L'évêque Carlos Herrera - DR
L'évêque Carlos Herrera - DR
« Je n'ai jamais vu dans la région une persécution aussi systématique à l'encontre de la foi chrétienne »

Dans la continuité des persécutions systématiques contre l’Église catholique au Nicaragua, le gouvernement de Daniel Ortega a expulsé Carlos Herrera, président de la Conférence épiscopale du Nicaragua (CEN), vers le Guatemala.

Cette expulsion s’inscrit dans une série de mesures répressives croissantes depuis 2018, alors que le régime d’Ortega a intensifié sa campagne contre l’Église catholique, la considérant comme un acteur clé des manifestations qui ont secoué le pays et fait plus de 300 morts, selon l’ONU.

Le président Ortega et son épouse, Rosario Murillo, accusent l’Église d’avoir soutenu ces protestations, qu’ils qualifient de tentative de coup d’État soutenue par Washington. Depuis lors, plusieurs évêques, prêtres et membres du clergé ont été persécutés, emprisonnés, ou contraints à l’exil. Monseigneur Herrera, évêque de la diocèse de Jinotega et président de la CEN depuis 2021, devient ainsi le troisième évêque expulsé par le régime, après Rolando Álvarez de Matagalpa et Isidoro Mora de Siuna, qui ont été emprisonnés avant de trouver refuge à Rome.

L’expulsion de Monseigneur Herrera a été confirmée par une source de l’Église à l’AFP, qui précise que l’évêque a « été expulsé vers le Guatemala » après avoir « pris un vol commercial de manière régulière ». Aucune demande d’asile n’a été formulée de sa part pour l’instant, selon le gouvernement guatémaltèque.

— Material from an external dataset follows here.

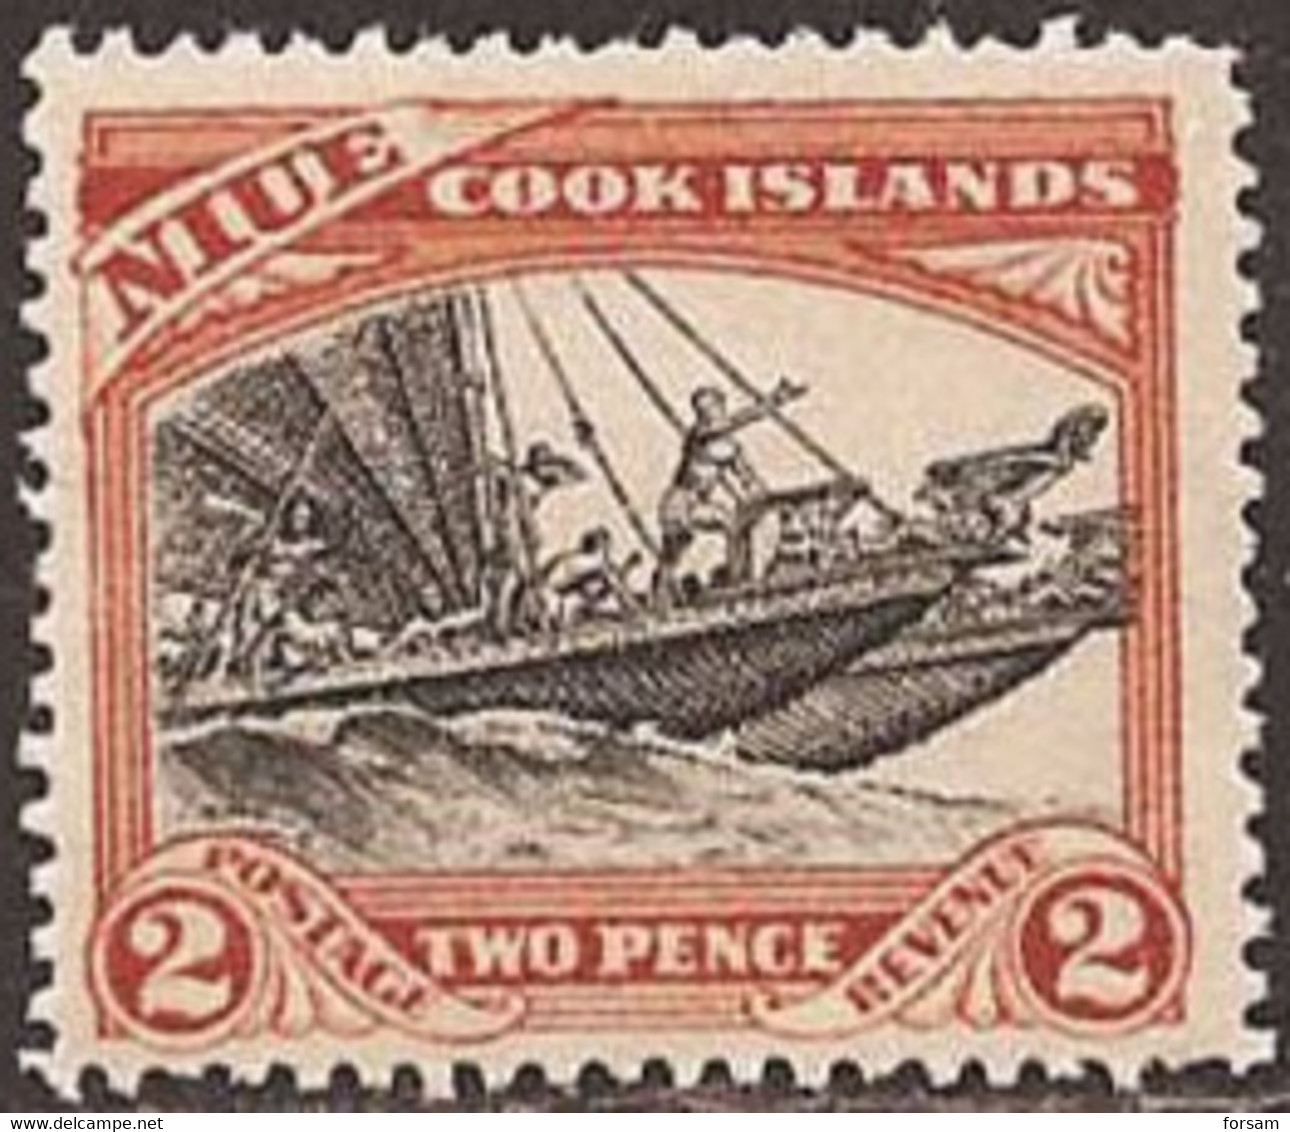 NIUE..1932..Michel # 40...MLH. - Niue

Le motif de cette expulsion semble être lié à ses prises de position critiques envers les autorités locales, en particulier après sa dénonciation du vacarme créé par la mairie de Jinotega lors d’une activité publique, alors qu’il célébrait la messe dans la cathédrale de la ville le 10 novembre dernier. Un membre de l’Église a expliqué à l’AFP : « Il a été expulsé à cause de ses critiques envers la municipalité de Jinotega, un autre signe de l’intolérance du gouvernement ».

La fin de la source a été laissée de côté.